Physically, I'm still having problems w/balance and constant dizziness. I've had every test under the sun - except for a CAT scan - that's Monday. I'm hanging in there.
As far as my H's A goes - yes, we've talked about why he had it in our MC. Basically, he felt abandoned by me when I felt I needed to be with my sister. He also has issues w/intimacy - he also felt that OW "needed" him in ways that he feels I don't. It's all confusing to me - we were together five years before we married, I was the same then as I am now, but all of a sudden, I'm too independent?

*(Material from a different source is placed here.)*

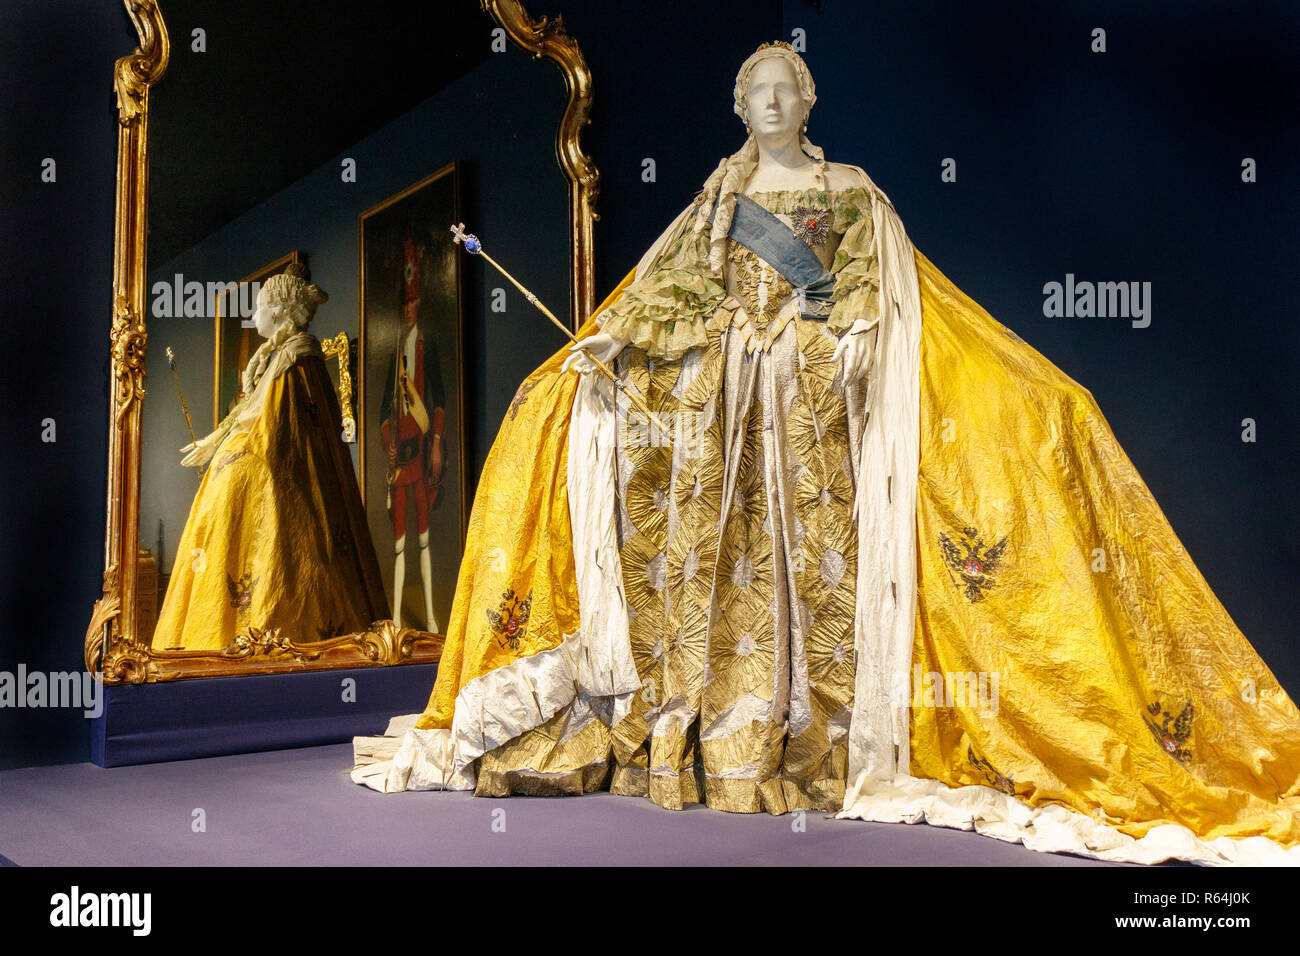 La vie-taille sculpture en papier mâché de l'Impératrice Elisabeth Petrovna portant une tenue officielle d'un tribunal. Par l'artiste belge Isabelle de Borchgrave. Banque D'Images
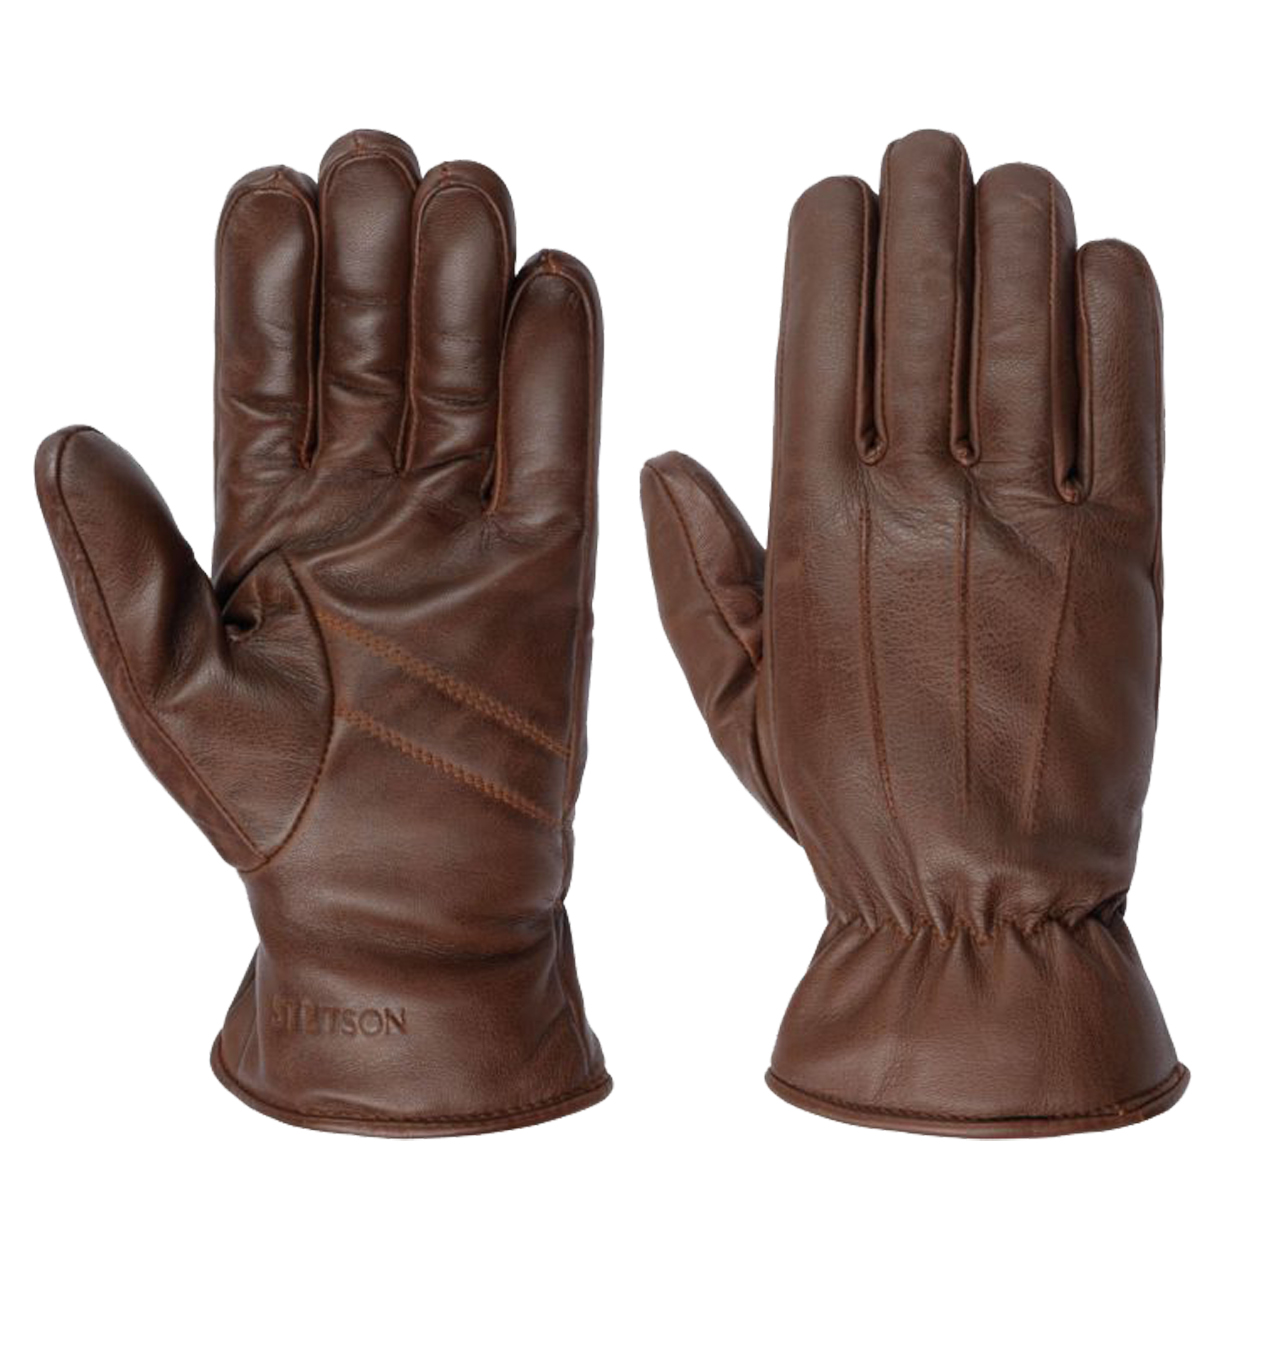 Stetson - Sheepskin Gloves - Brown

The OW is now divorced - ofcourse they were both going to get divorced and marry each other. The good thing, is she feels totally jerked around by him (what do you expect when you get involved w/a married man?) - and seems to have moved on.
As far as him coming home, he says that when I got sick he realized how much he still cared for me, and that the relationship with the OW was never "love". Also, during the months when I had NC w/him, he was still trying to contact me -- he said those months without me and not much contact w/the kids made him realize what his life would be like w/o us.
Until he's ready for complete transparency, I'm not ready for him to be home. I'm not living with secrets anymore. If he wants "privacy" it won't be with me.
I think his "controlling" talk is bs - his parents were not controlling - but his second wife was.